Retype all of the data that follows, line for line.

━━━━━ EXERCISE INPUT

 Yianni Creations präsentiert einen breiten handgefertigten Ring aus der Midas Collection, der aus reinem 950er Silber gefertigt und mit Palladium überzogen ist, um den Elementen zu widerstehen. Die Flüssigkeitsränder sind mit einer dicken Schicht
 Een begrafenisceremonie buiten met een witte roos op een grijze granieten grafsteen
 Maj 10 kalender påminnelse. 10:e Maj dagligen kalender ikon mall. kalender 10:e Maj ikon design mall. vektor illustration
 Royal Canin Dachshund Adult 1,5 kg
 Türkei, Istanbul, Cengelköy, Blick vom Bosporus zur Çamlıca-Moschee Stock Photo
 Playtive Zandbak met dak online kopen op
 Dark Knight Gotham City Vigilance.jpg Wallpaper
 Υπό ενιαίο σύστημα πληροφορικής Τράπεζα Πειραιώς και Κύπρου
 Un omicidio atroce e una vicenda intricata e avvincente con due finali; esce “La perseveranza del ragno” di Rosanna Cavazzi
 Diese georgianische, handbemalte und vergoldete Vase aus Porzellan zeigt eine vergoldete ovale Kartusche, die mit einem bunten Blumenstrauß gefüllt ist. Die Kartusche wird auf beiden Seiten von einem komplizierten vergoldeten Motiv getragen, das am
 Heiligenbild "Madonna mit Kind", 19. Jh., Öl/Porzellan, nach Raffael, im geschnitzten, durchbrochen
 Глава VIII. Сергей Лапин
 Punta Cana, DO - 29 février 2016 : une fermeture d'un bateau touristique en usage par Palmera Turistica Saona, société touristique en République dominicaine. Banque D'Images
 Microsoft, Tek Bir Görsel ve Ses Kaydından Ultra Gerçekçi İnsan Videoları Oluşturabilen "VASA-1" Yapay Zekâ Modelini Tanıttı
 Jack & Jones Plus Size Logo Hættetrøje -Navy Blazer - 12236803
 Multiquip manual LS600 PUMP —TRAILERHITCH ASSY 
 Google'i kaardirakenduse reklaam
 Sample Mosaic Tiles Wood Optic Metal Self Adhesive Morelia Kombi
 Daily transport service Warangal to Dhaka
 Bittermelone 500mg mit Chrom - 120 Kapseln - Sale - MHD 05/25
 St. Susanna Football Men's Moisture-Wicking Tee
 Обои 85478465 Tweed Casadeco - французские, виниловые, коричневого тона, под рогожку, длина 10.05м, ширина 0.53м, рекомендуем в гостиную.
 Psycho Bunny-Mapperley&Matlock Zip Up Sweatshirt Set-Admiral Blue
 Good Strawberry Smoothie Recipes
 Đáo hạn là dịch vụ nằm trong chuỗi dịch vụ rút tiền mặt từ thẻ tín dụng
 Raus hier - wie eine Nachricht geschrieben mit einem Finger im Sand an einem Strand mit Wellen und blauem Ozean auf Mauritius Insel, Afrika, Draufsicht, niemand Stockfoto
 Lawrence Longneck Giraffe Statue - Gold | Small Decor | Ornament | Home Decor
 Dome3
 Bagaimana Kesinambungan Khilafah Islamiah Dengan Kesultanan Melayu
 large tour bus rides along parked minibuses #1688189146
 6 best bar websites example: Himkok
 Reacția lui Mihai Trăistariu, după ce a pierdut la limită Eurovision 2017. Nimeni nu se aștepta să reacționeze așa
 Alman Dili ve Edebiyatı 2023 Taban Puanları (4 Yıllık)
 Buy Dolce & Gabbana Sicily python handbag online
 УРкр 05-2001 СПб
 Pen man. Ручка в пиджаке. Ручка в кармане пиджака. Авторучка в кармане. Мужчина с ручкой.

━━━━━━━━━━

→ **FINISHED TASK**
 Yianni Creations präsentiert einen breiten handgefertigten Ring aus der Midas Collection, der aus reinem 950er Silber gefertigt und mit Palladium überzogen ist, um den Elementen zu widerstehen. Die Flüssigkeitsränder sind mit einer dicken Schicht
 Een begrafenisceremonie buiten met een witte roos op een grijze granieten grafsteen
 Maj 10 kalender påminnelse. 10:e Maj dagligen kalender ikon mall. kalender 10:e Maj ikon design mall. vektor illustration
 Royal Canin Dachshund Adult 1,5 kg
 Türkei, Istanbul, Cengelköy, Blick vom Bosporus zur Çamlıca-Moschee Stock Photo
 Playtive Zandbak met dak online kopen op
 Dark Knight Gotham City Vigilance.jpg Wallpaper
 Υπό ενιαίο σύστημα πληροφορικής Τράπεζα Πειραιώς και Κύπρου
 Un omicidio atroce e una vicenda intricata e avvincente con due finali; esce “La perseveranza del ragno” di Rosanna Cavazzi
 Diese georgianische, handbemalte und vergoldete Vase aus Porzellan zeigt eine vergoldete ovale Kartusche, die mit einem bunten Blumenstrauß gefüllt ist. Die Kartusche wird auf beiden Seiten von einem komplizierten vergoldeten Motiv getragen, das am
 Heiligenbild "Madonna mit Kind", 19. Jh., Öl/Porzellan, nach Raffael, im geschnitzten, durchbrochen
 Глава VIII. Сергей Лапин
 Punta Cana, DO - 29 février 2016 : une fermeture d'un bateau touristique en usage par Palmera Turistica Saona, société touristique en République dominicaine. Banque D'Images
 Microsoft, Tek Bir Görsel ve Ses Kaydından Ultra Gerçekçi İnsan Videoları Oluşturabilen "VASA-1" Yapay Zekâ Modelini Tanıttı
 Jack & Jones Plus Size Logo Hættetrøje -Navy Blazer - 12236803
 Multiquip manual LS600 PUMP —TRAILERHITCH ASSY 
 Google'i kaardirakenduse reklaam
 Sample Mosaic Tiles Wood Optic Metal Self Adhesive Morelia Kombi
 Daily transport service Warangal to Dhaka
 Bittermelone 500mg mit Chrom - 120 Kapseln - Sale - MHD 05/25
 St. Susanna Football Men's Moisture-Wicking Tee
 Обои 85478465 Tweed Casadeco - французские, виниловые, коричневого тона, под рогожку, длина 10.05м, ширина 0.53м, рекомендуем в гостиную.
 Psycho Bunny-Mapperley&Matlock Zip Up Sweatshirt Set-Admiral Blue
 Good Strawberry Smoothie Recipes
 Đáo hạn là dịch vụ nằm trong chuỗi dịch vụ rút tiền mặt từ thẻ tín dụng
 Raus hier - wie eine Nachricht geschrieben mit einem Finger im Sand an einem Strand mit Wellen und blauem Ozean auf Mauritius Insel, Afrika, Draufsicht, niemand Stockfoto
 Lawrence Longneck Giraffe Statue - Gold | Small Decor | Ornament | Home Decor
 Dome3
 Bagaimana Kesinambungan Khilafah Islamiah Dengan Kesultanan Melayu
 large tour bus rides along parked minibuses #1688189146
 6 best bar websites example: Himkok
 Reacția lui Mihai Trăistariu, după ce a pierdut la limită Eurovision 2017. Nimeni nu se aștepta să reacționeze așa
 Alman Dili ve Edebiyatı 2023 Taban Puanları (4 Yıllık)
 Buy Dolce & Gabbana Sicily python handbag online
 УРкр 05-2001 СПб
 Pen man. Ручка в пиджаке. Ручка в кармане пиджака. Авторучка в кармане. Мужчина с ручкой.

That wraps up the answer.